ASSIGNMENT - Output everything in the data exactly, leaving the pictures out.

INPUT DATA -

*-*-*

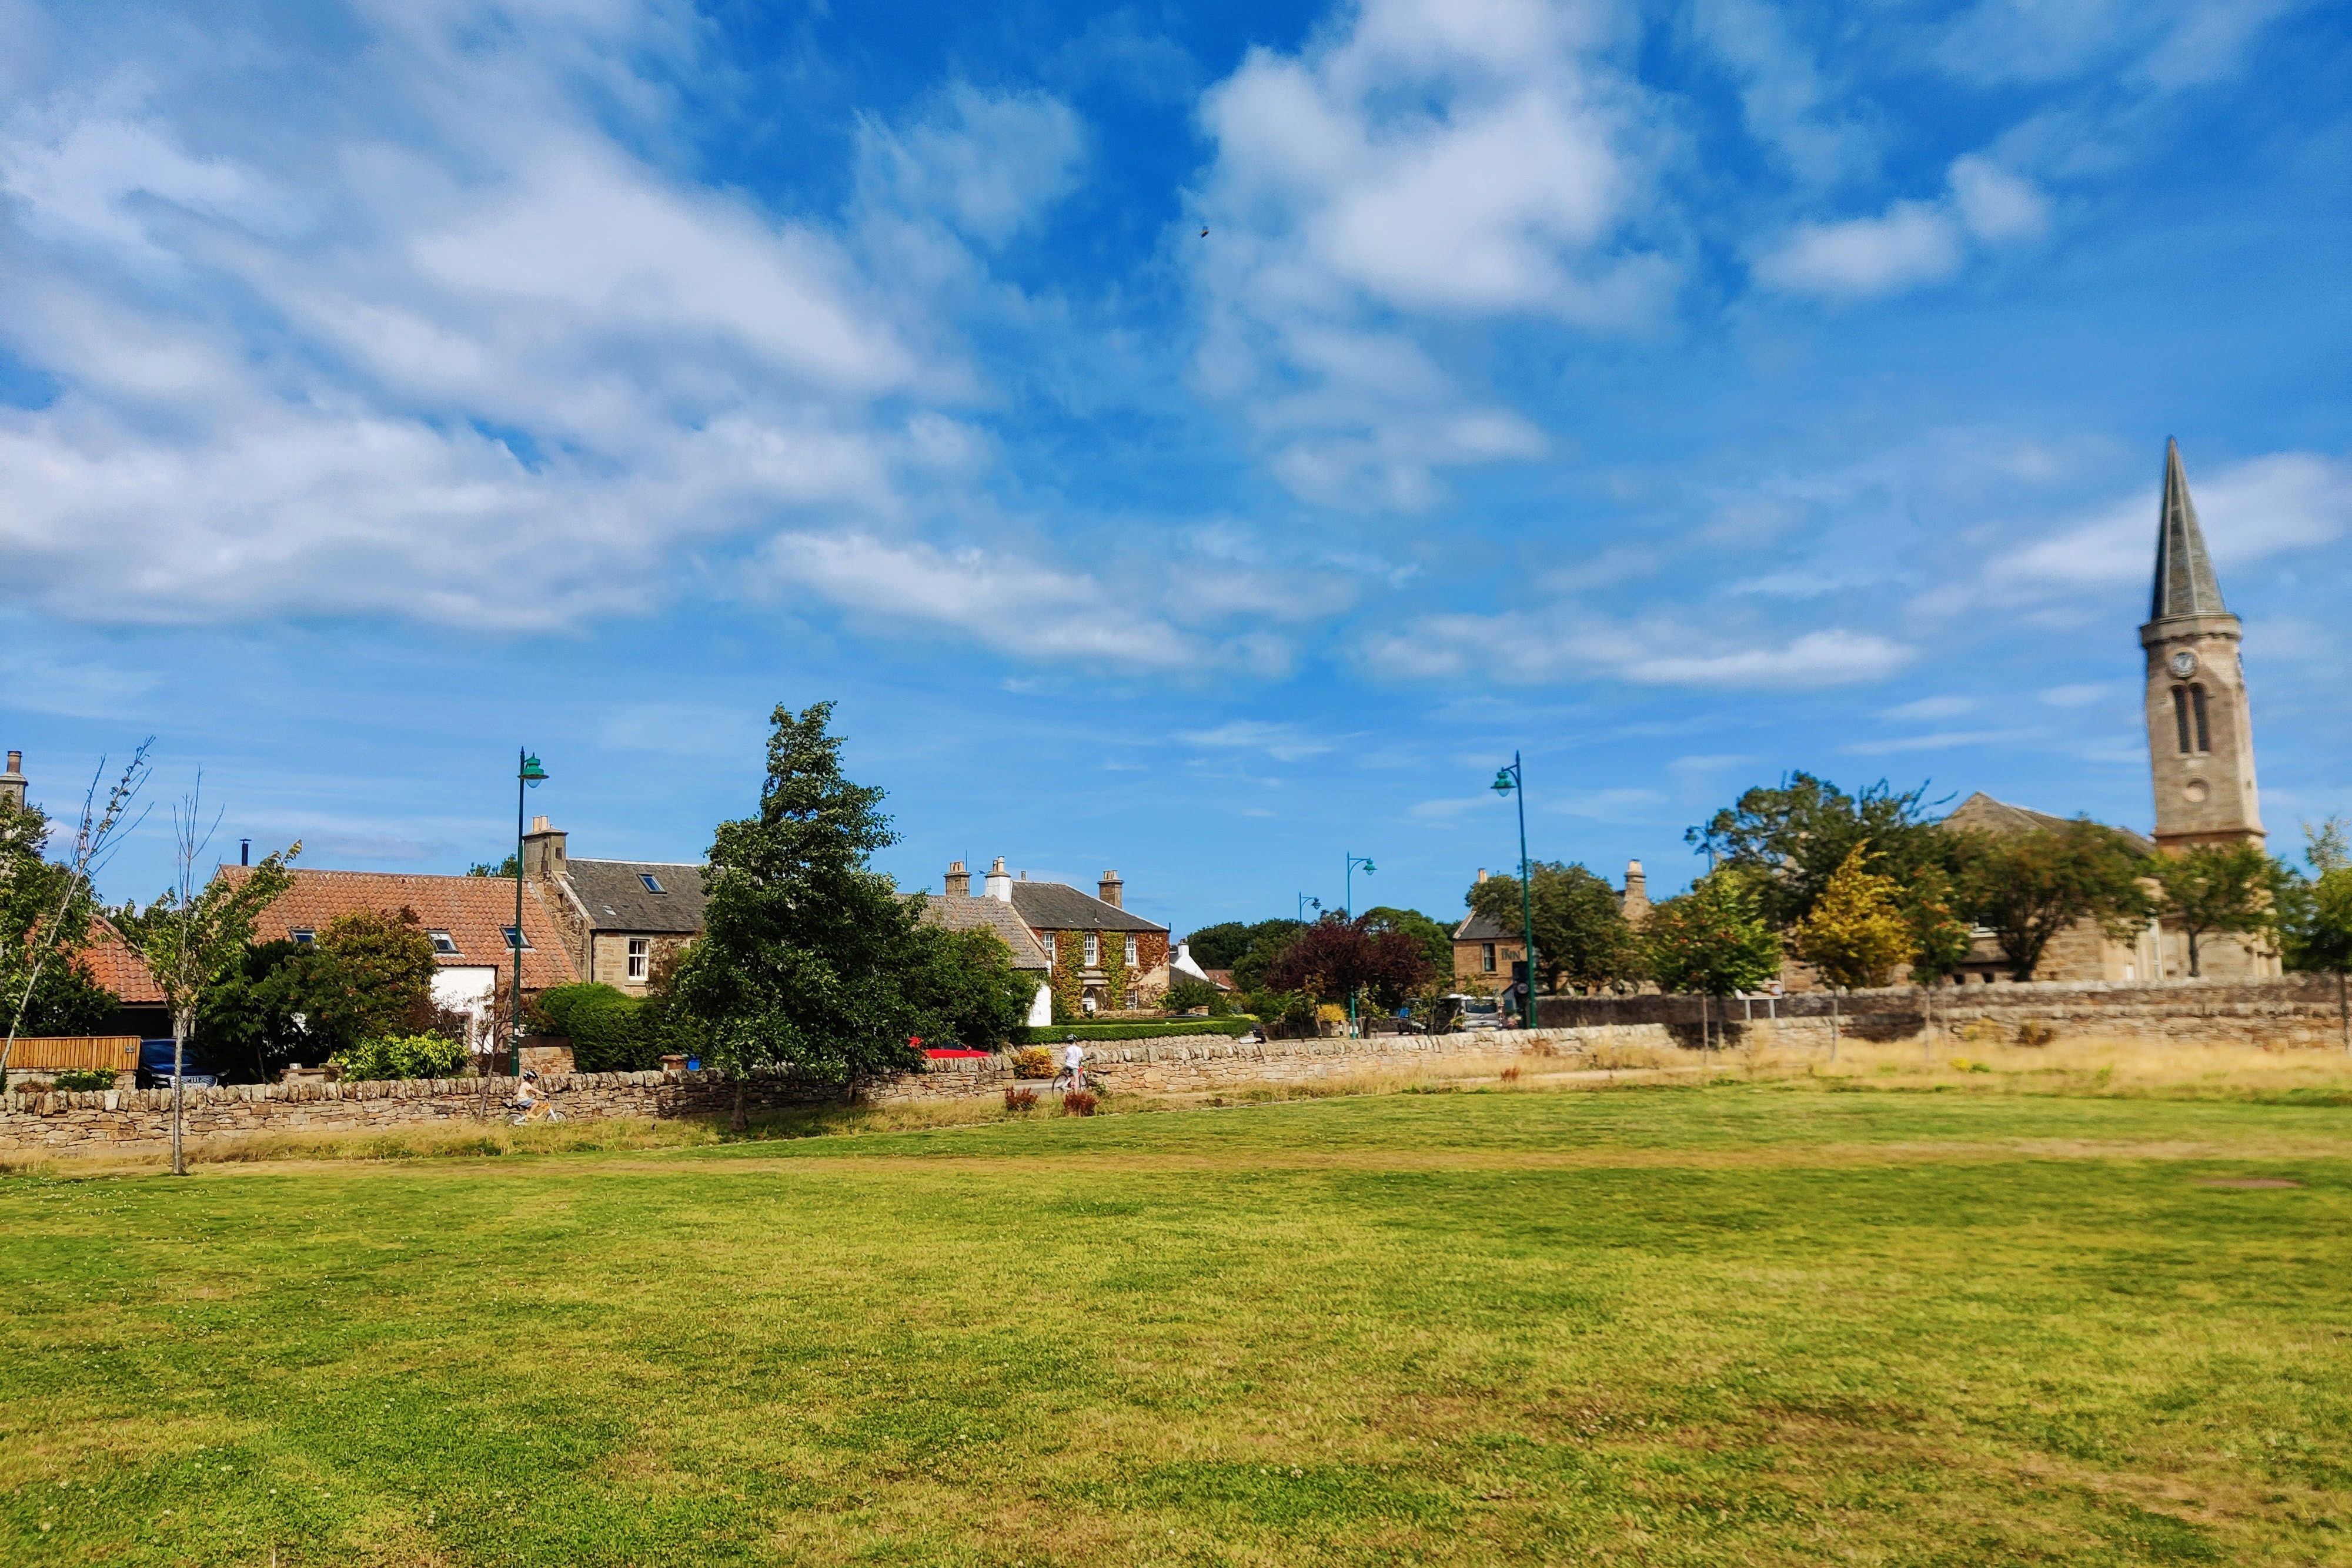 Photo of Kingsbarns village green with Kingsbarns church in the background 
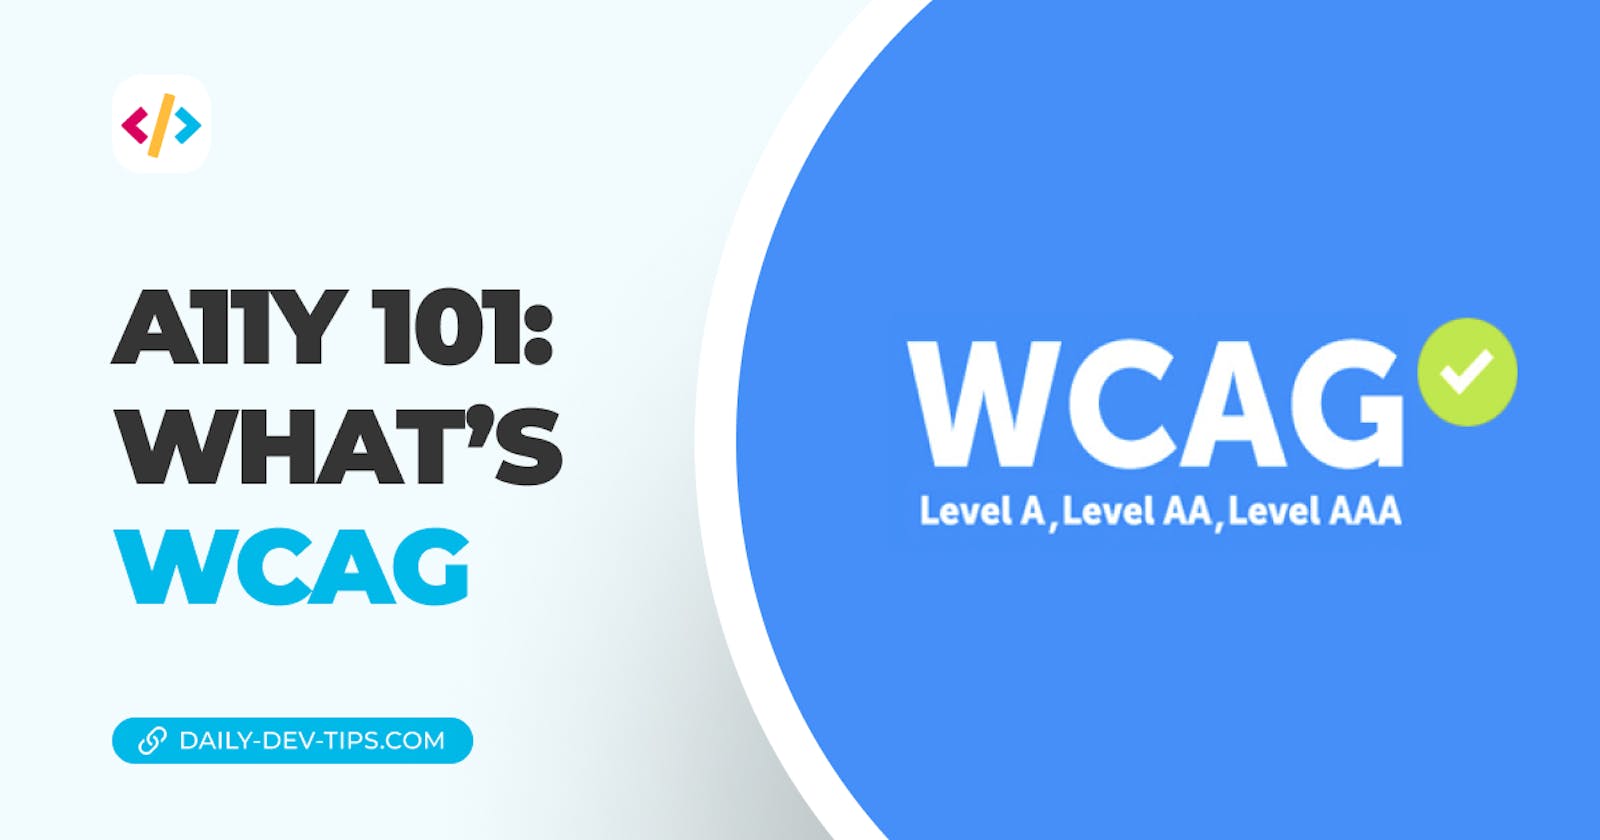 A11Y 101: What's WCAG
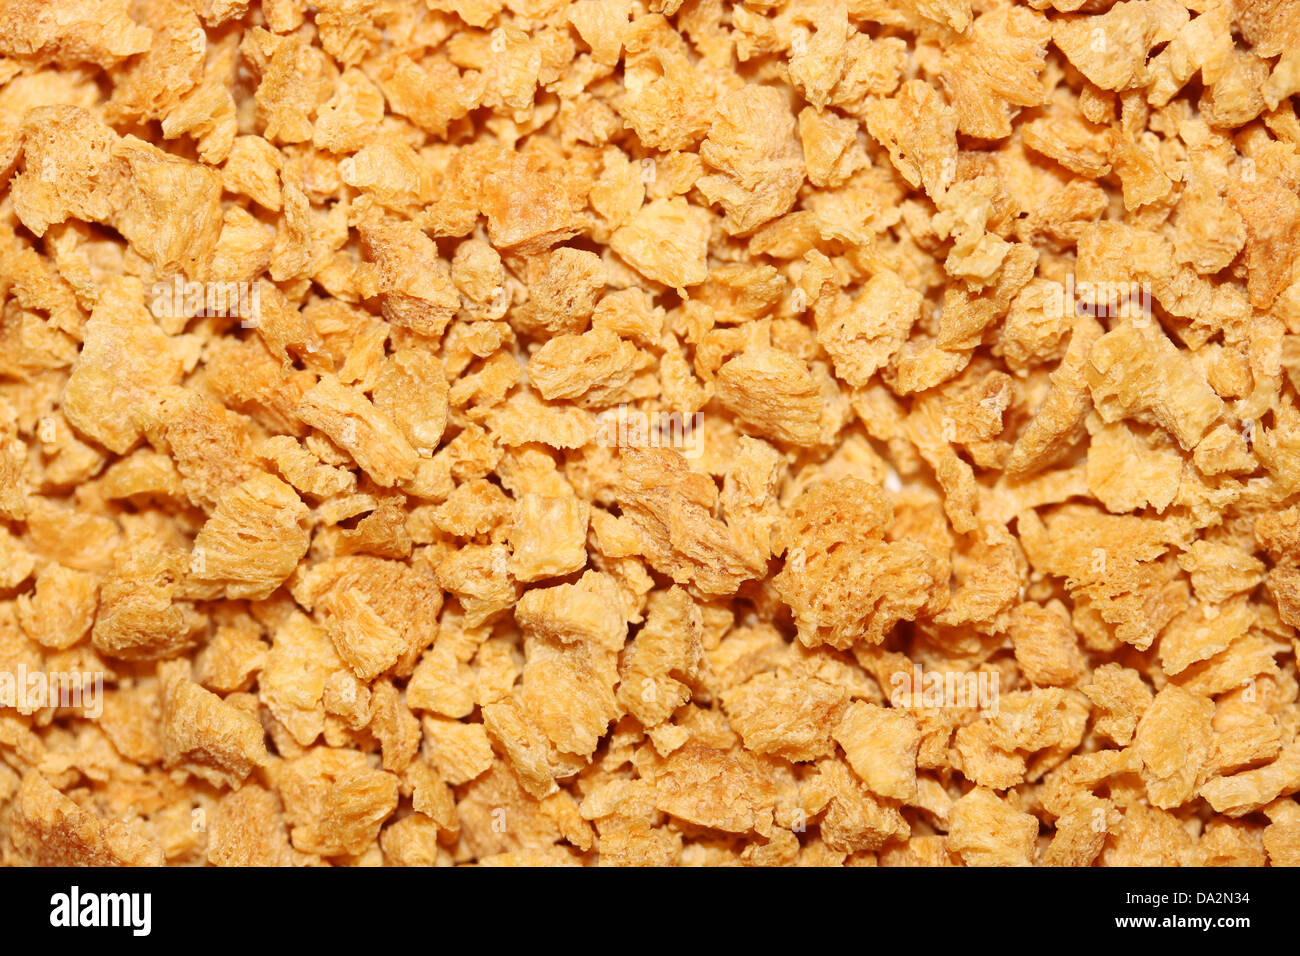 This is a soybean flakes, like nice food background Stock Photo
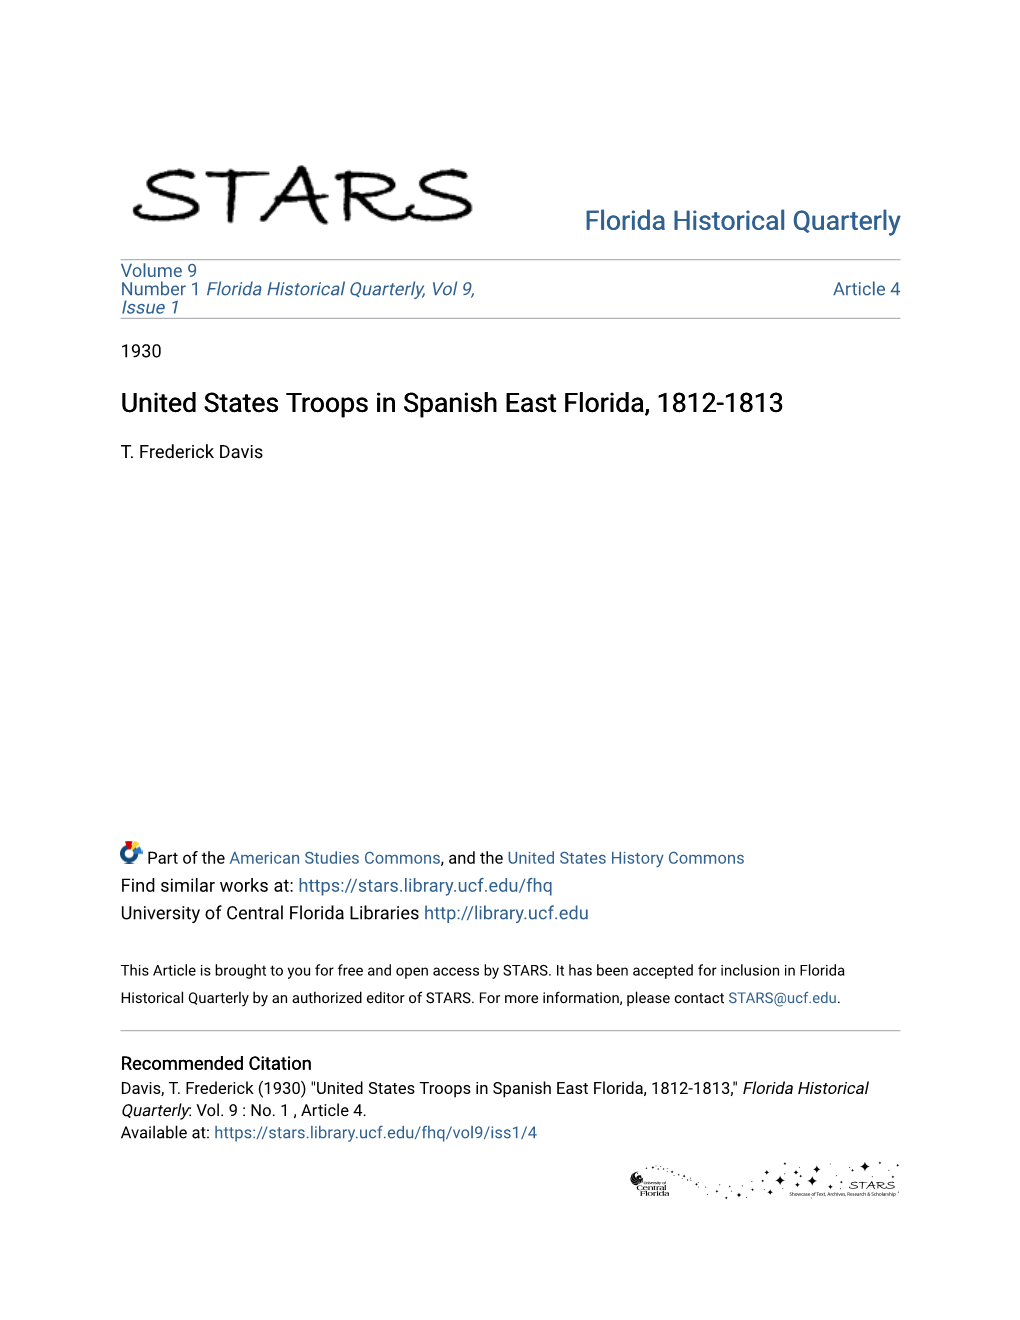 United States Troops in Spanish East Florida, 1812-1813

*-*-*

EXERCISE RESPONSE -
 Photo of Kingsbarns village green with Kingsbarns church in the background 
 A11Y 101: What's WCAG
 This is a soybean flakes, like nice food background Stock Photo
 United States Troops in Spanish East Florida, 1812-1813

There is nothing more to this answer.